Funding was offered primarily as grants, loans or equity deals. The right form of funding depended on whether it was commercial or non-commercial, and the likely outcomes of the project. The treatment for each of these instruments was:
- Grants - non-commercial projects in general were funded through grants. Feasibility studies – projects that will help define and scope future, larger projects – are also likely to be funded via grants.
- Loans - Loans were the preferred method of funding commercial projects (noting there may be some extra caveats for transport projects). Loans were made available to projects on suitable and agreed terms.
- Equity - In some circumstances, we were able to take an equity position (part-ownership) in a project. Usually, this occurred where the project could not support further debt, or where there was sufficient extra return from the project which the Government should benefit from.
Provincial Growth Fund (PGF) loans
Why does the PGF give businesses loans?
- The PGF aimed to unlock potential in regional New Zealand and businesses are a key source of economic growth.
- We assessed the merits of every application and importantly, considered a range of public benefits, which commercial banks typically don’t need to.
- Public benefits included the contribution to regional economic growth, job creation, skills development and the improvement of cultural and social indicators.
- We worked with applicants and their commercial lenders, particularly where we could help accelerate a project, or bring a long-planned project to fruition.
What interest is charged on PGF loans?
- The terms of the loans, including interest rate and tenure, were arranged between the successful applicant and the Crown.
- Interest rates on loans, much like home mortgage terms, varied throughout the term and also therefore, between projects depending on the industry, value and estimated length of the project.
Will details of loans be publicly released?
- Kānoa – REDIU works with the Office of the Ombudsman to ensure that our approach to releasing information is timely and appropriate.
- Withholding commercially sensitive information during negotiations is standard practice.

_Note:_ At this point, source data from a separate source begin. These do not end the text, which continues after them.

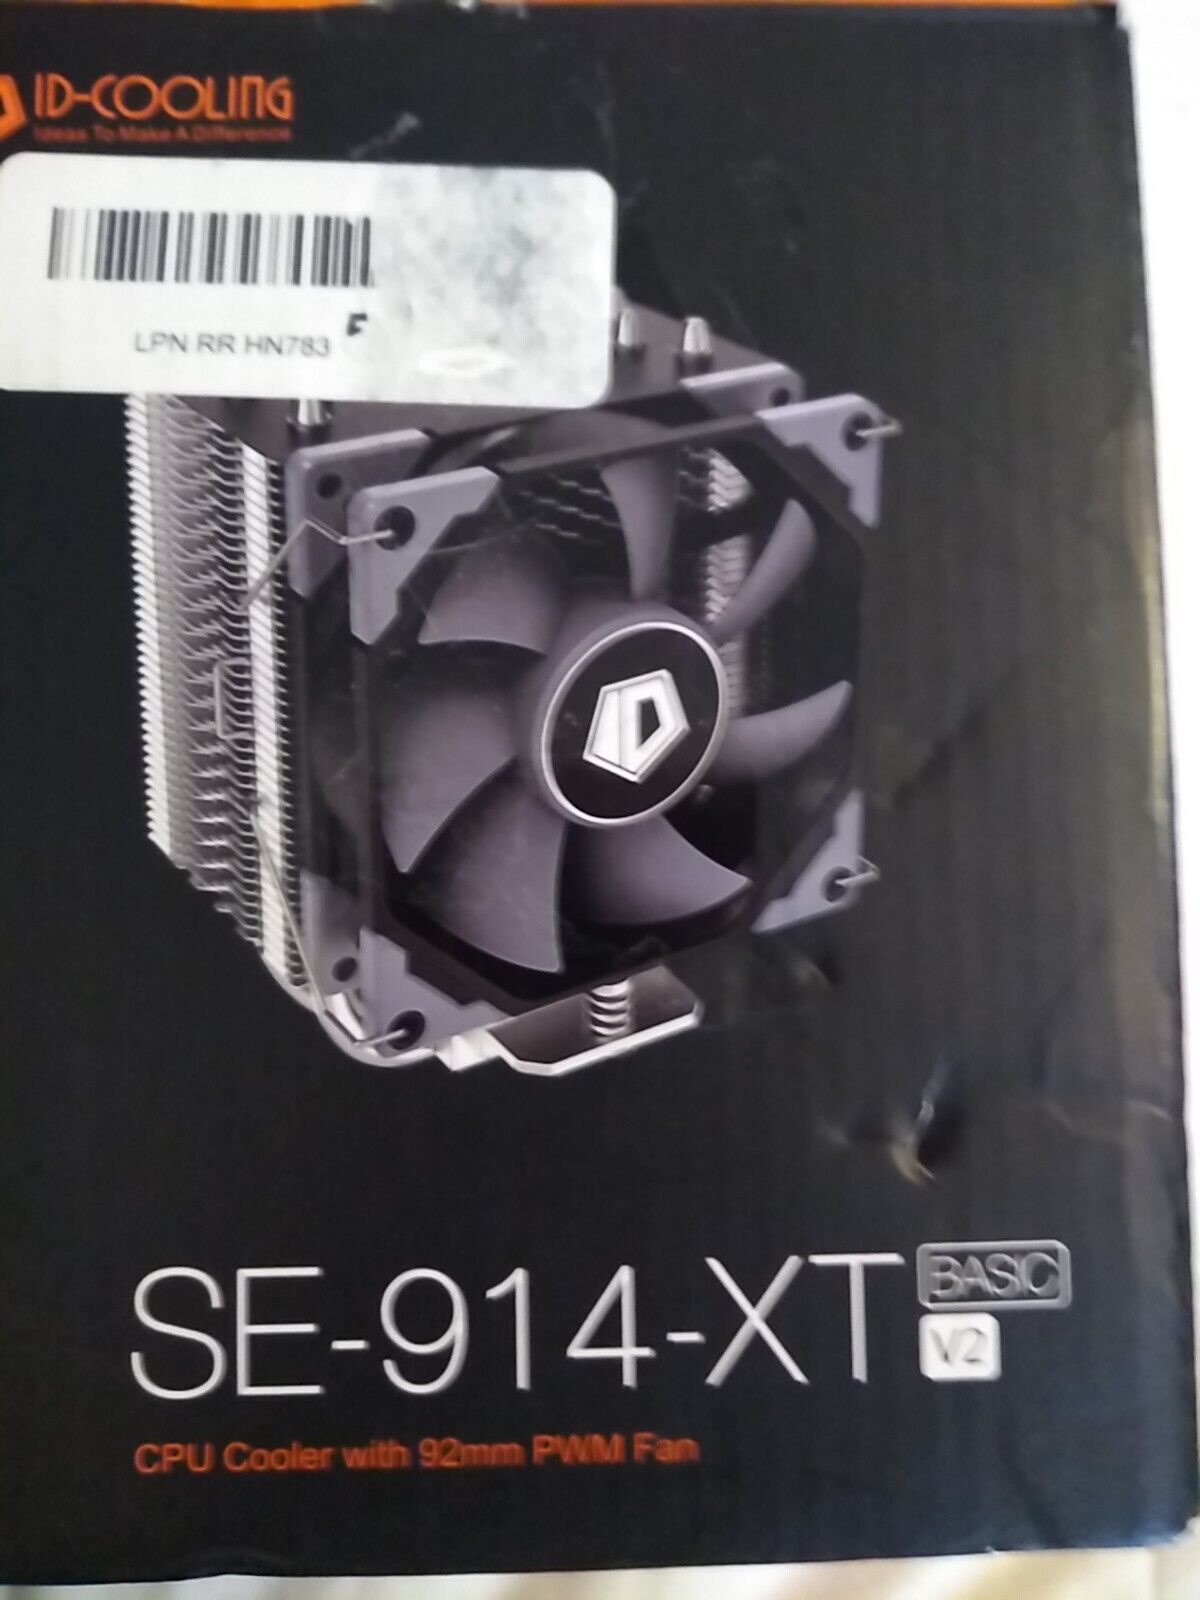 CPU ID-Cooling With 92mm PWM Fan SE-914-XT
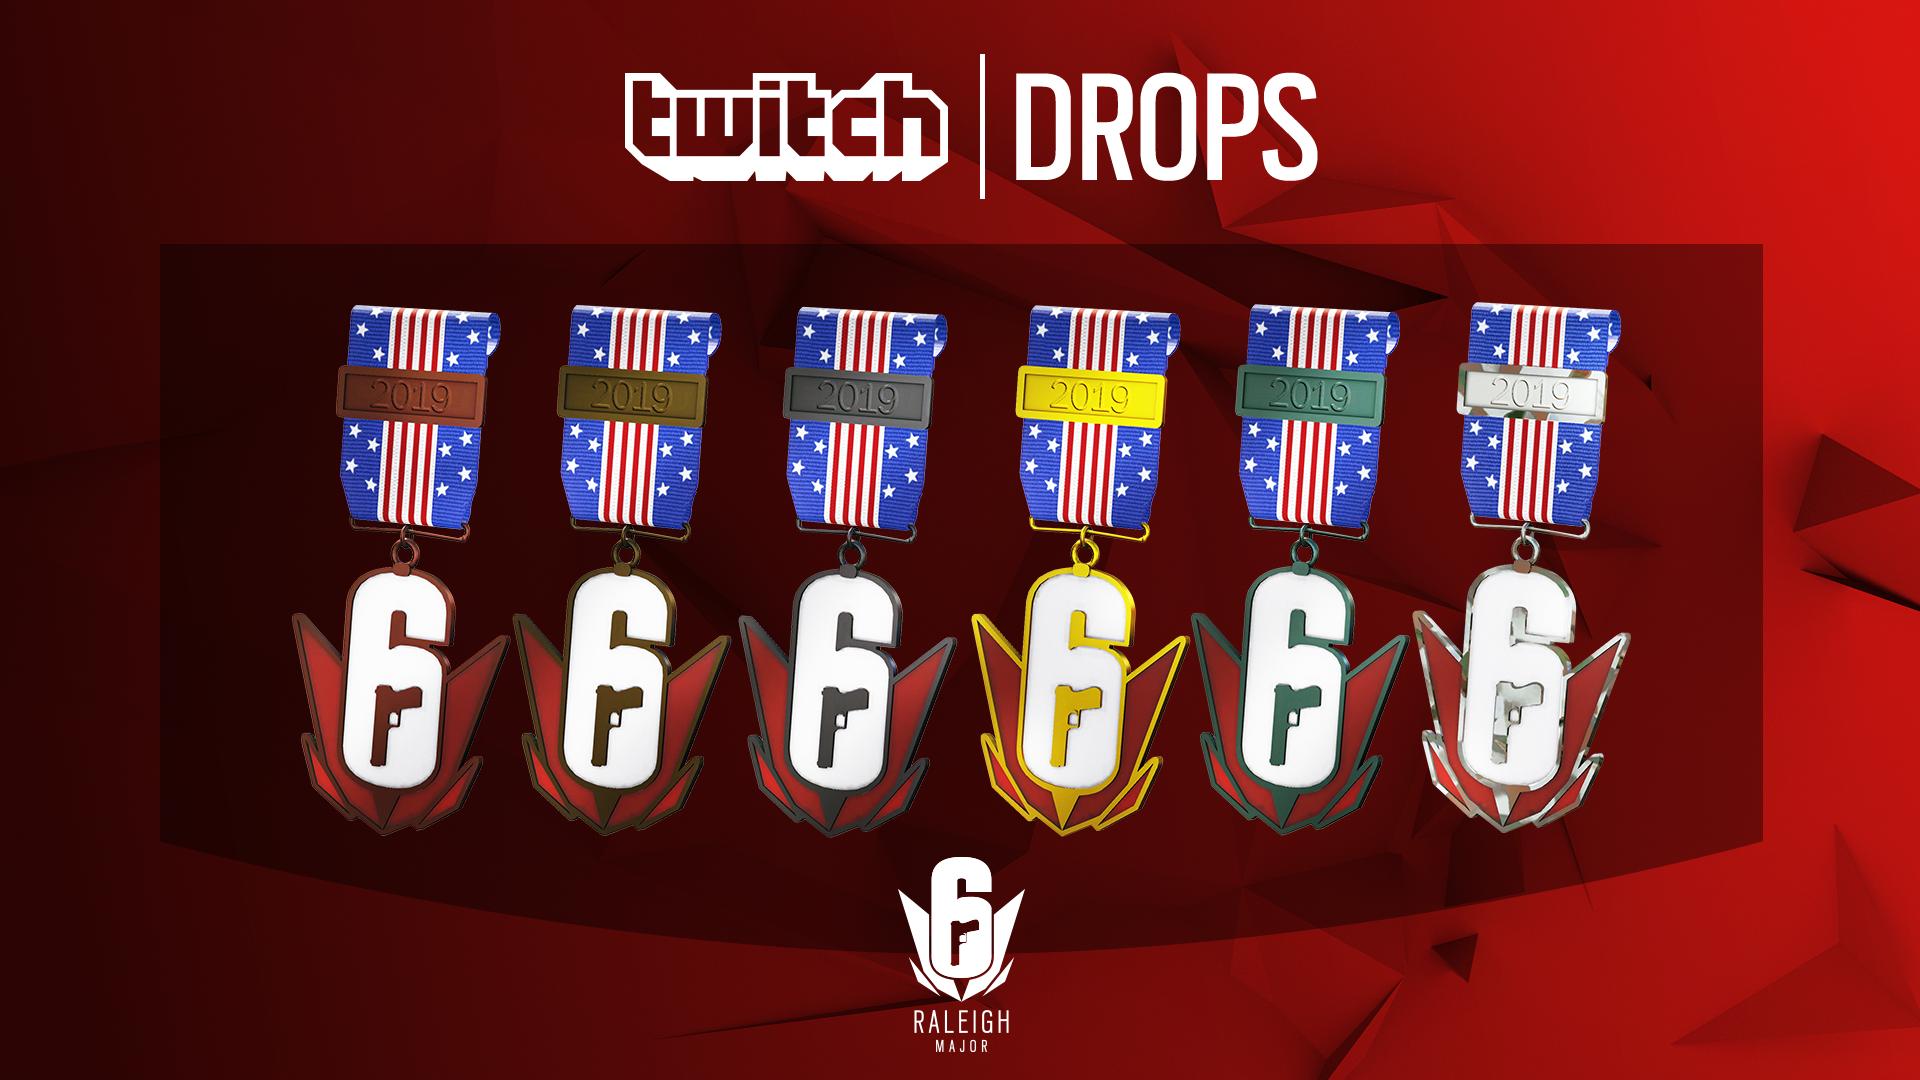 Rainbow 6 Siege UK on X: Twitch Drops are available throughout the whole  duration of Stage 1! ✓ 16 items originally included in Esports Packs ✓ 16  new items - legacy #R6PL
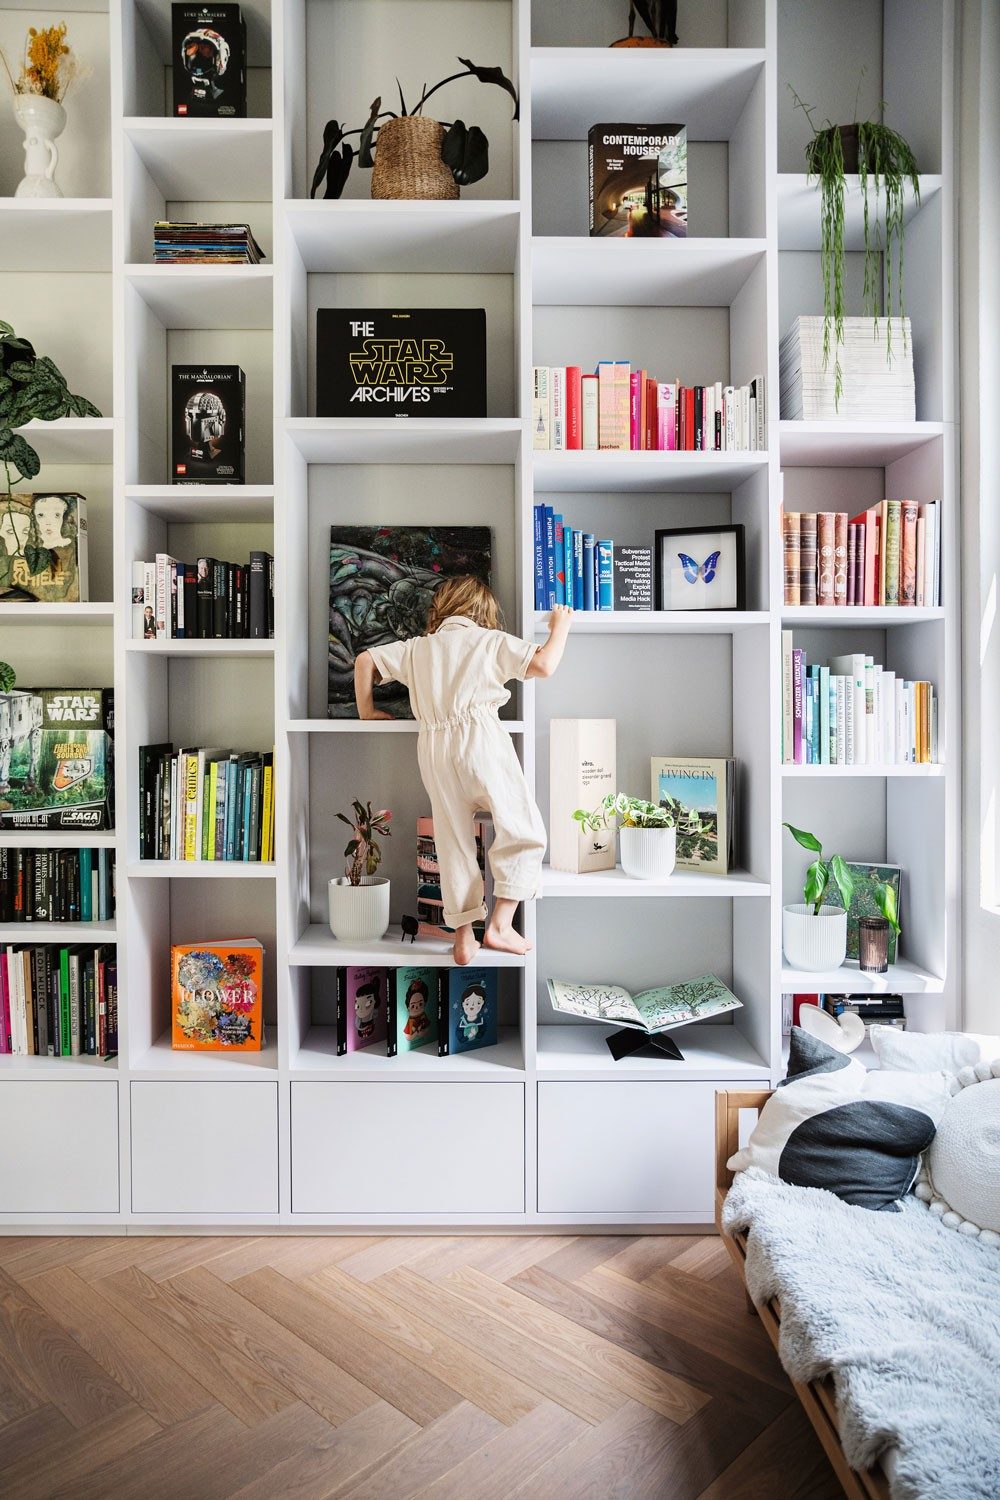 A child in a playsuit climbs up bookshelves. The library houses stylishly arranged books and Star Wars merchandise.

It is important to protect the Crown’s negotiating position to ensure public money is being spent wisely.
- Once contracts are executed and sensitivity around commercial details has reduced, we will proactively release more information. Specific loan terms however will be deemed commercially sensitive and will not be released.
Will the loans be repaid back to the Provincial Growth Fund?
Yes, loans are structured so interest and principal are repaid to the PGF.